Death Watch: Lucky 13?
The state on pace for a baker’s dozen of executions by year end
By Sarah Marloff, Fri., Dec. 7, 2018
If all goes according to the state's plan, Texas will have executed 13 inmates by 2018's end. After five failed attempts to secure a stay from the U.S. Supreme Court, Joseph Garcia was executed just before 7pm on Tuesday – with the very drug challenged in his last-minute appeals.
In the last week, Garcia's attorneys filed several new motions for a stay due to a "belief" that the Texas Department of Criminal Justice acquires its execution drug pentobarbital "from a compounding pharmacy that has been repeatedly cited for safety and sanitation violations by state and federal regulators, and has been on probation with the Texas State Board of Pharmacy since 2016." The filings argued that execution would violate Garcia's 8th and 14th Amendment rights, since "substantial concerns" have been raised that the drug "will not be what it purports to be, will be contaminated, or will be otherwise substandard."

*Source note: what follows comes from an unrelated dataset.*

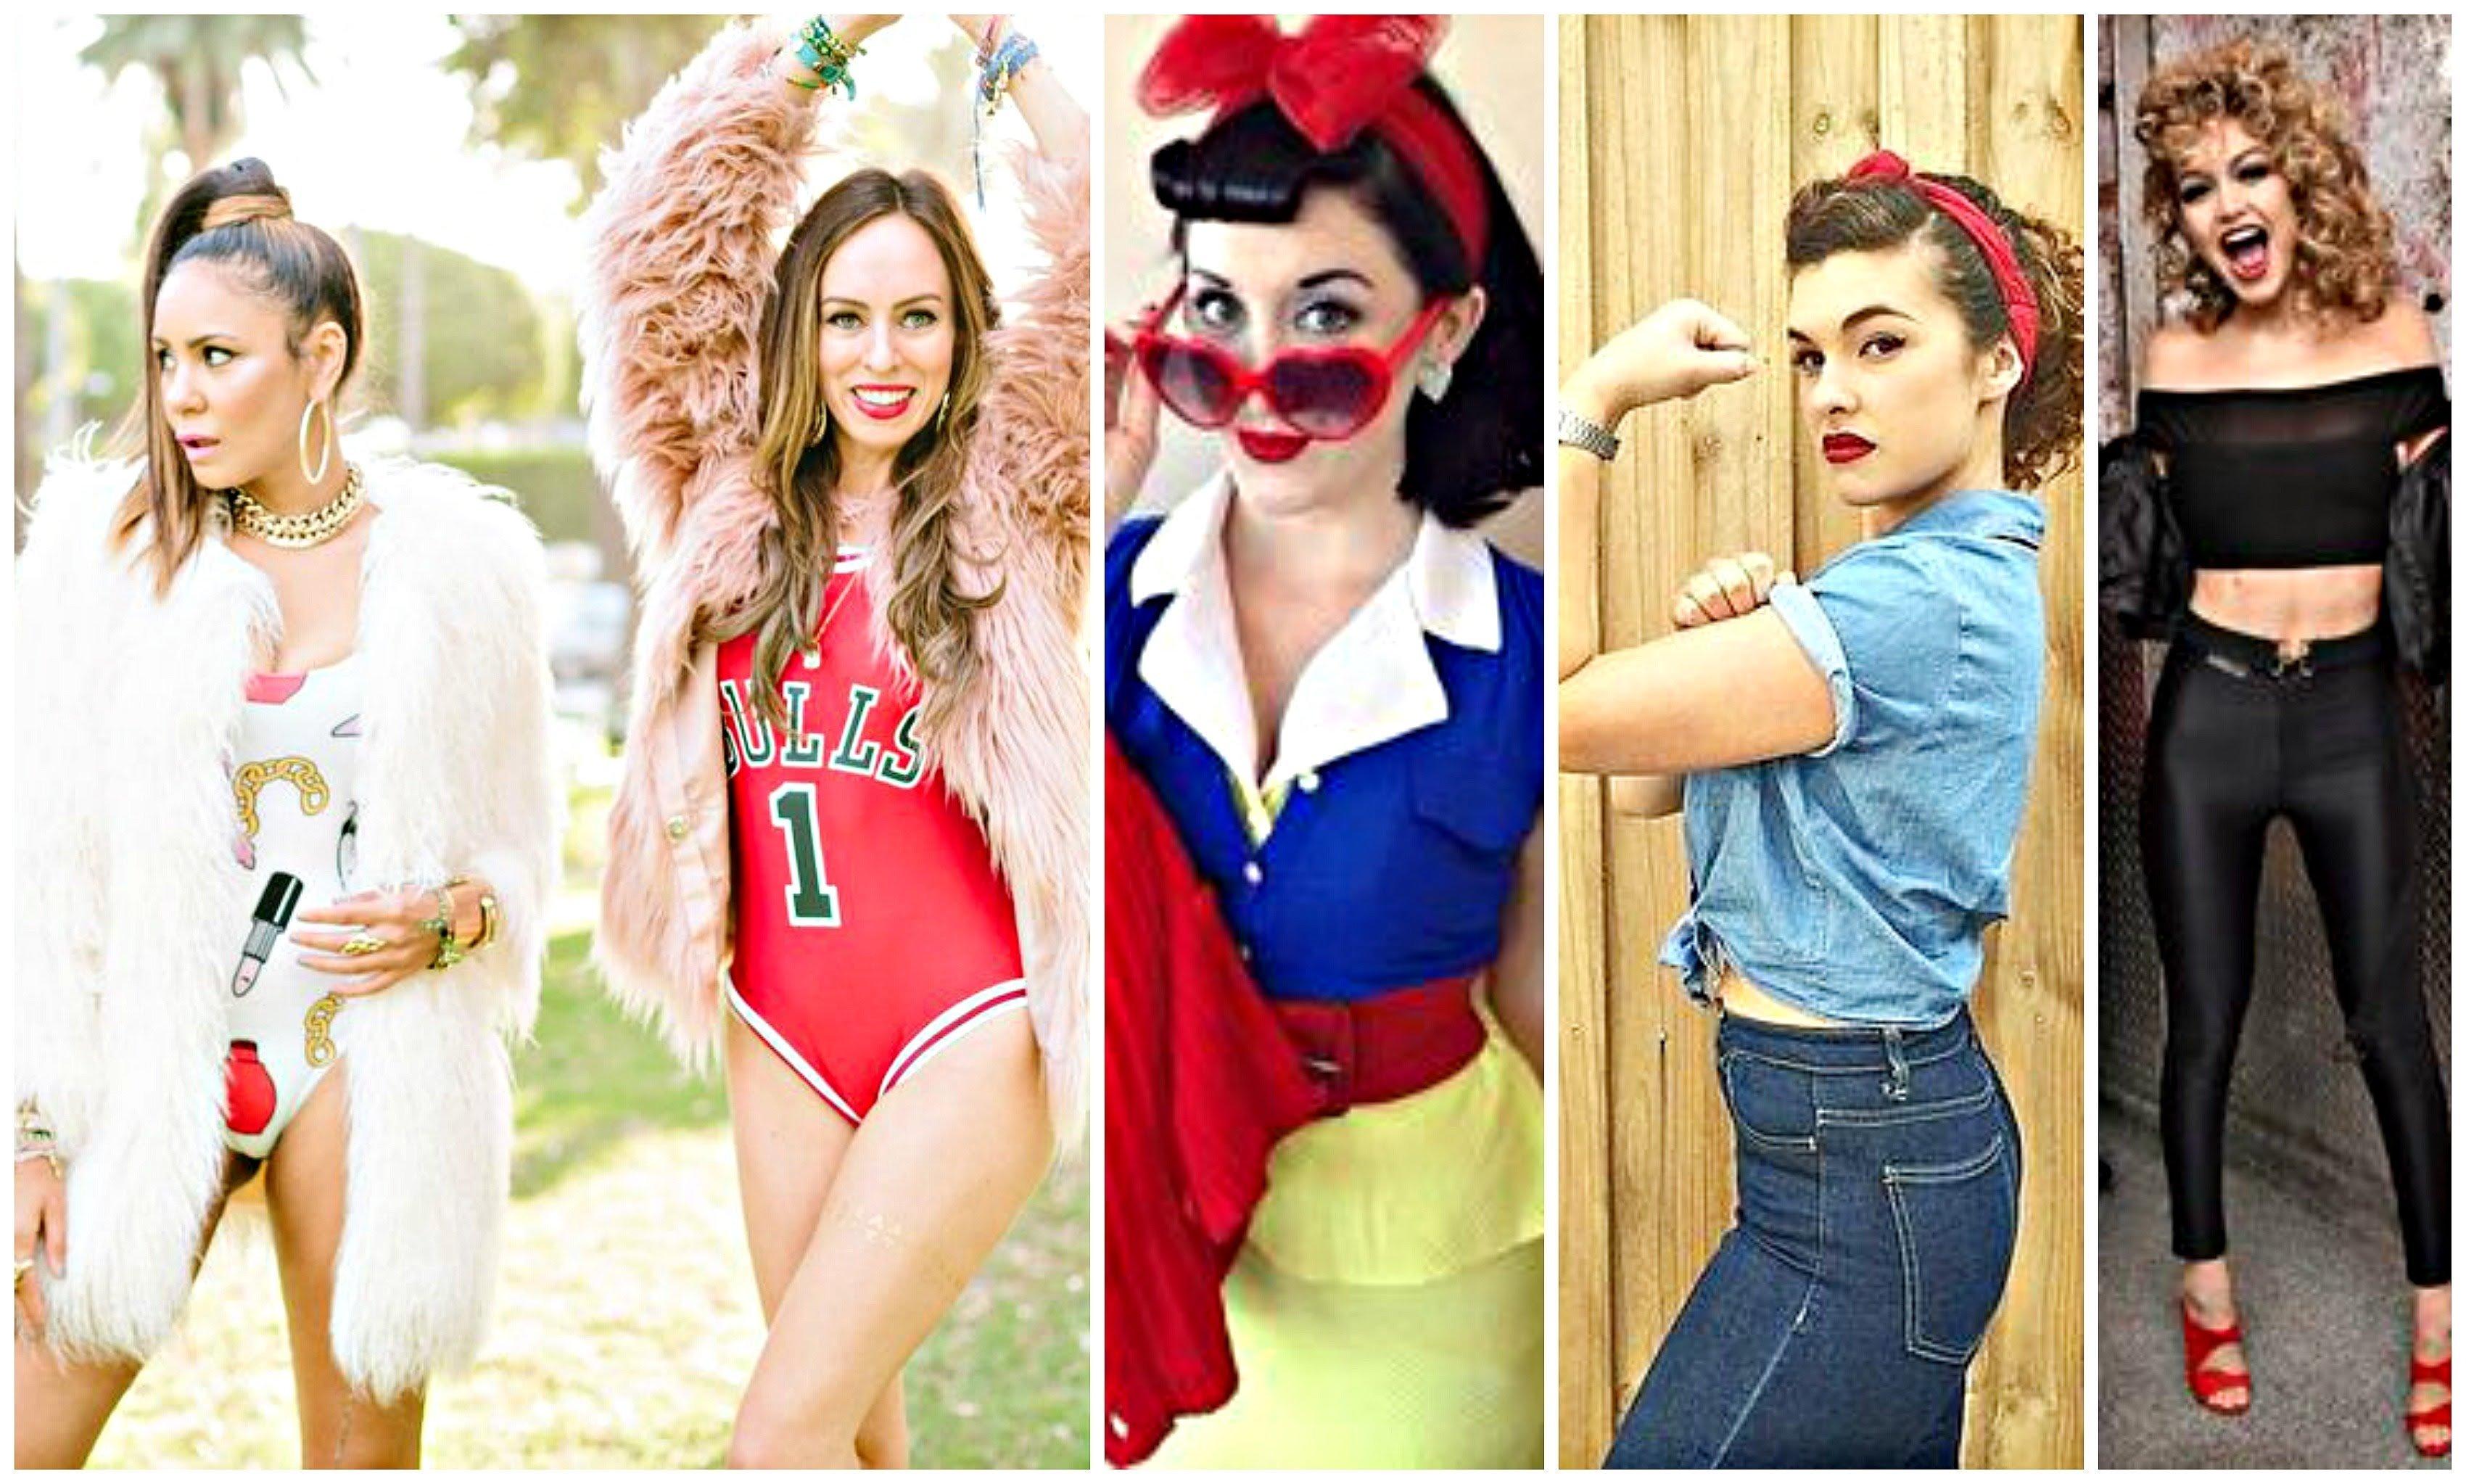 10 Stunning Halloween Costumes For Women Ideas top halloween costume ideas for women youtube 13 2020

These filings came in response to a BuzzFeed News article published Wednesday, Nov. 28, based on documents identifying one of two manufacturers for Texas' lethal injection drugs: Houston's Greenpark Compounding Pharmacy, on probation for compounding the wrong drug for several children and forging quality control documents. It's also been cited by the U.S. Food and Drug Administration for potential sterility violations.
Texas is currently defending a 2014 lawsuit that challenges the state's refusal to identify its drug suppliers so as to avoid botched executions. BuzzFeed reported that, after receiving lethal injection, Texas inmates Anthony Shore, Juan Castillo, Troy Clark, Christopher Young, and Danny Bible all made declarations of pain and a "burning" feeling before dying.

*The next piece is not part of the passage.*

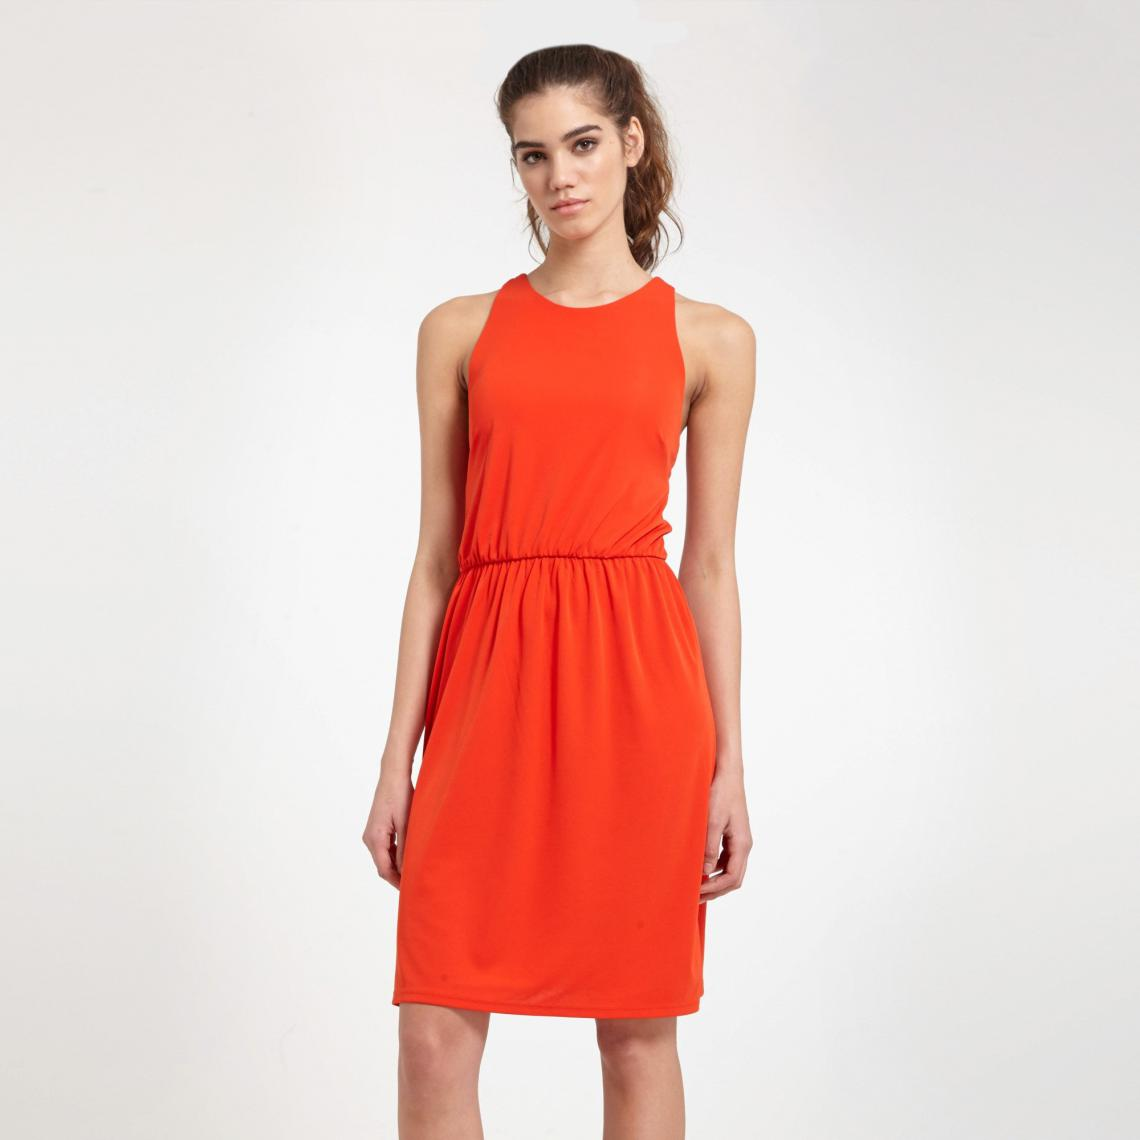 e29b573e2f7 Robe courte femme Morgan - Orange Morgan Femme

Now Alvin Braziel Jr. is staring down a death date of Dec. 11, for the 1993 robbery-murder of Douglas White on a Eastfield College trail in Mesquite; White's wife Lora was brutally raped by his killer. Eight years later, after DNA linked Braziel – then serving time for another sex crime – to the rape, he was found guilty of capital murder. During the trial, Braziel maintained he did not kill White.

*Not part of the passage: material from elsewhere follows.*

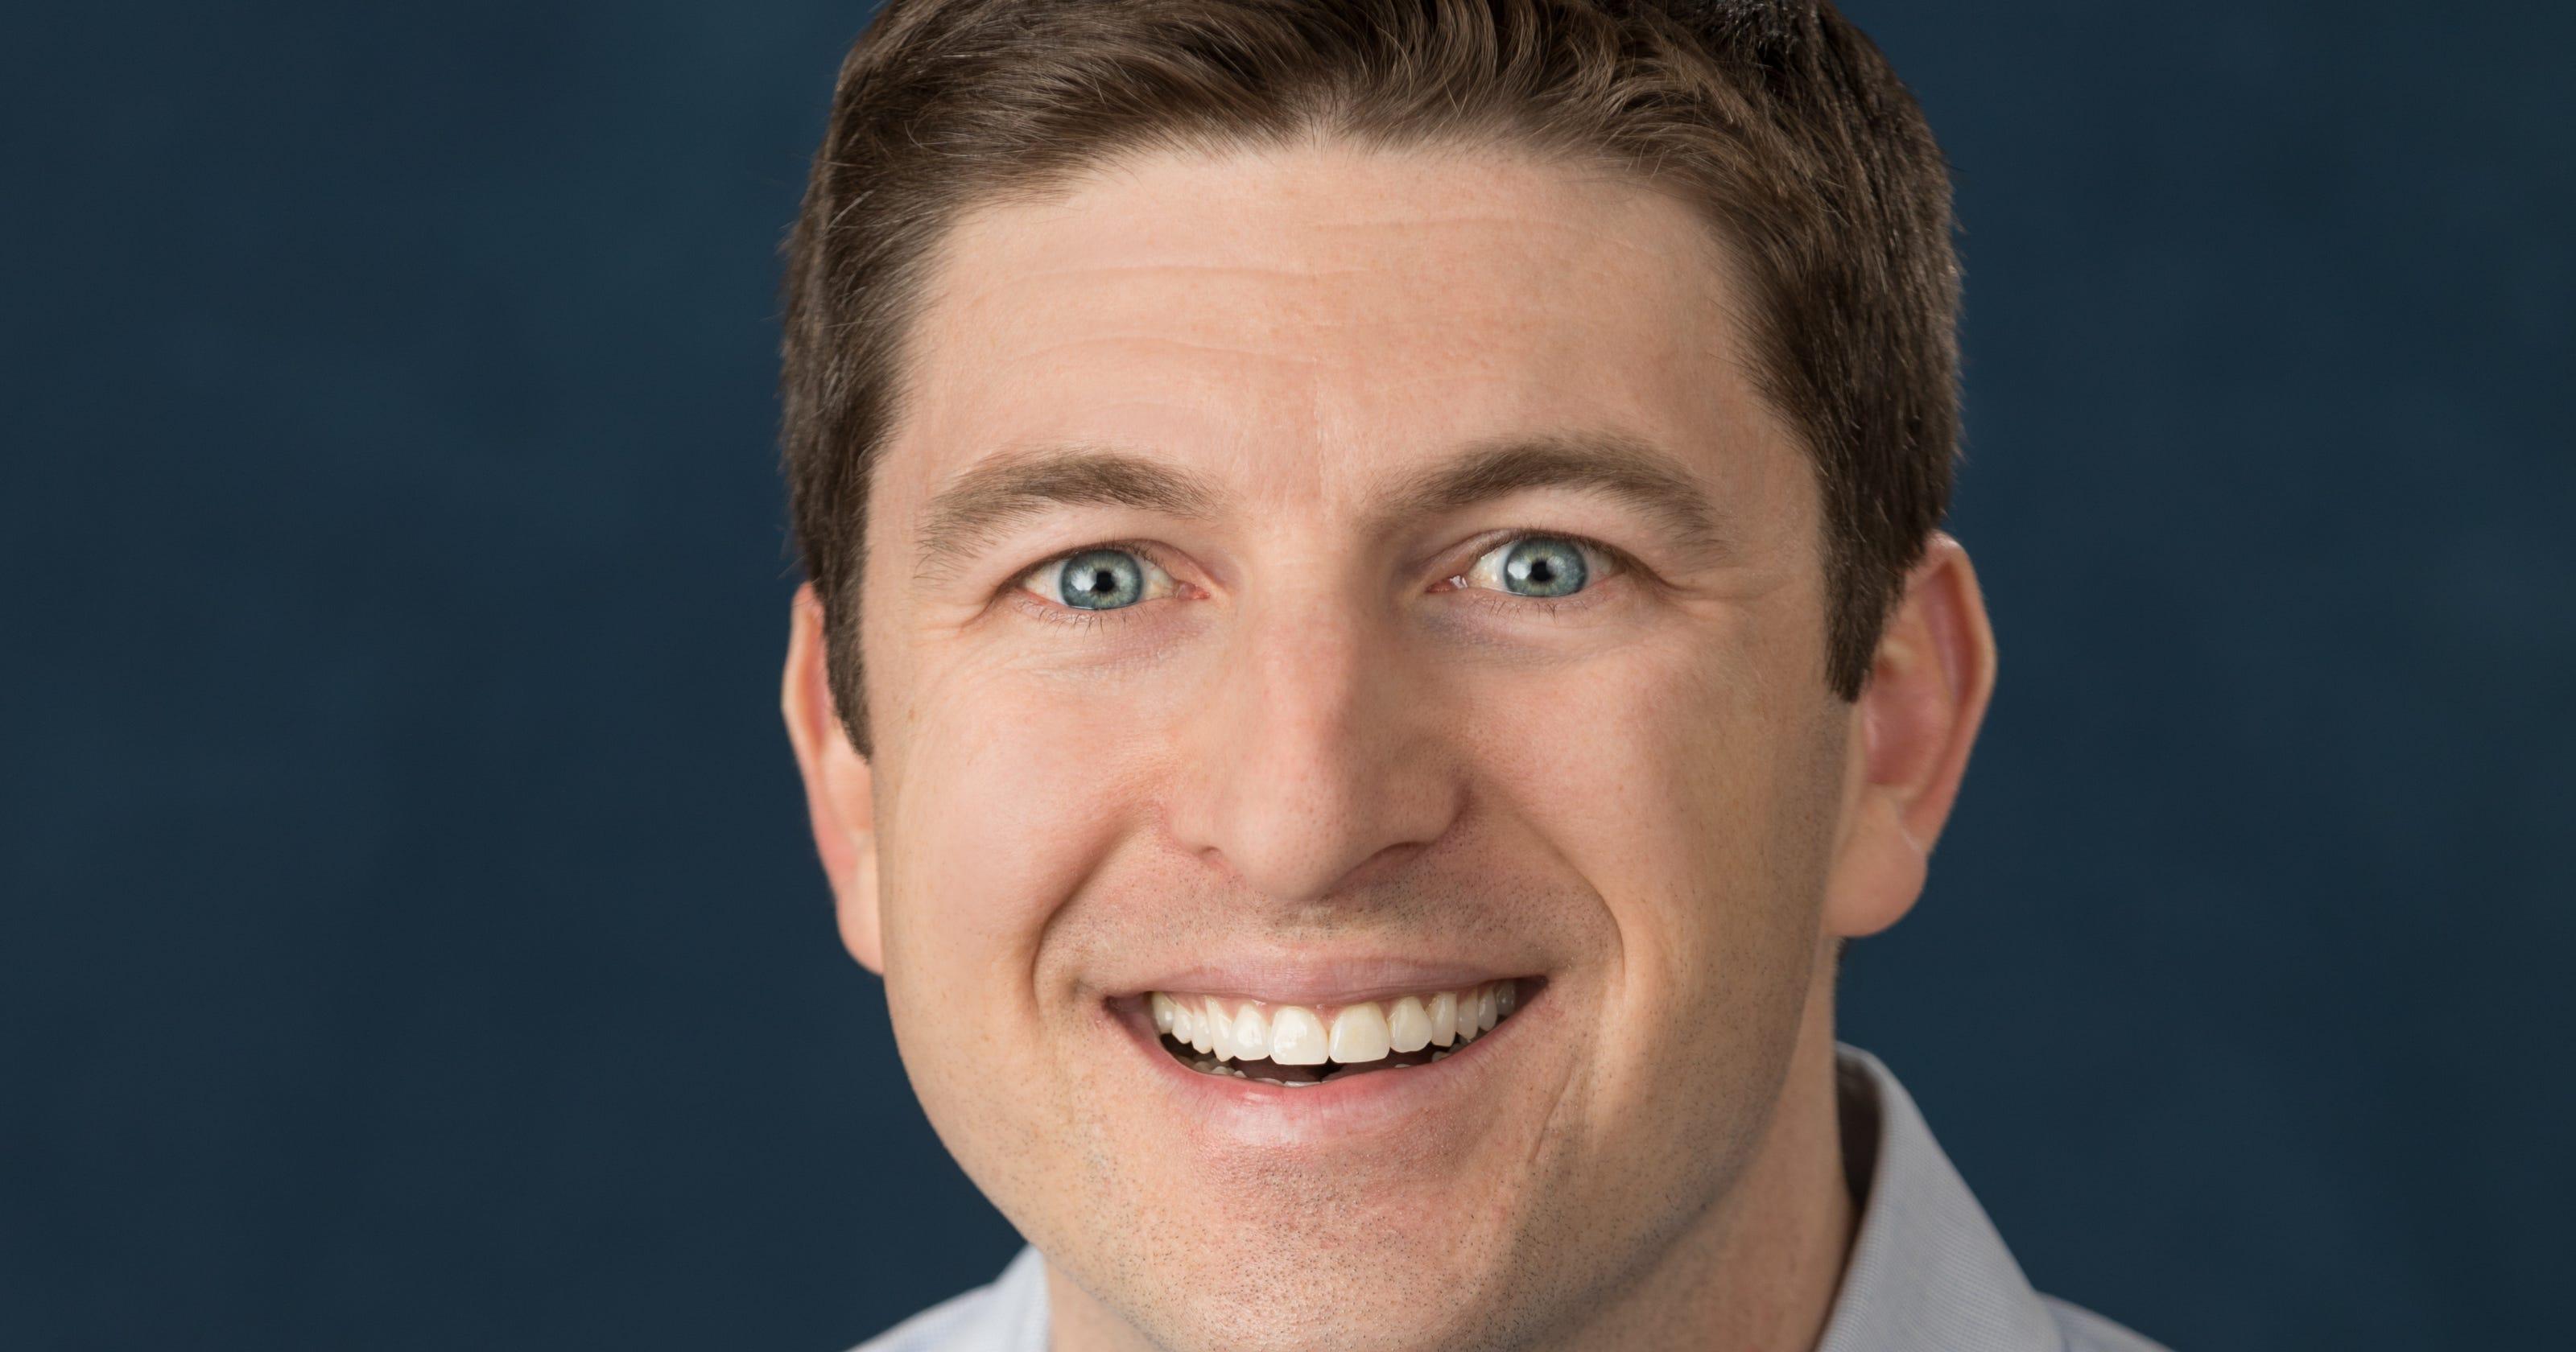 Paul Ryan retirement: Bryan Steil announces run for Ryan's seat

SCOTUS denied Braziel's last round of appeals in 2016. Attorneys Jeff Newberry and David Dow were later appointed substitute counsel, and on Dec. 3 filed a stay request and appeals at the Texas Court of Criminal Appeals. At press time, the filings had not been made available, nor had Dow or Newberry returned the Chronicle's requests for comment. But according to documents shared by the Attorney General's Office, Braziel's argument is based in an Atkins claim, which ruled executing the intellectually disabled is cruel and unusual punishment that violates the Eighth Amendment. The state's response claims that relief for that request has already been denied by the CCA. If executed, Braziel will be the 558th Texan to be killed by the state since the death penalty was reinstated in 1976.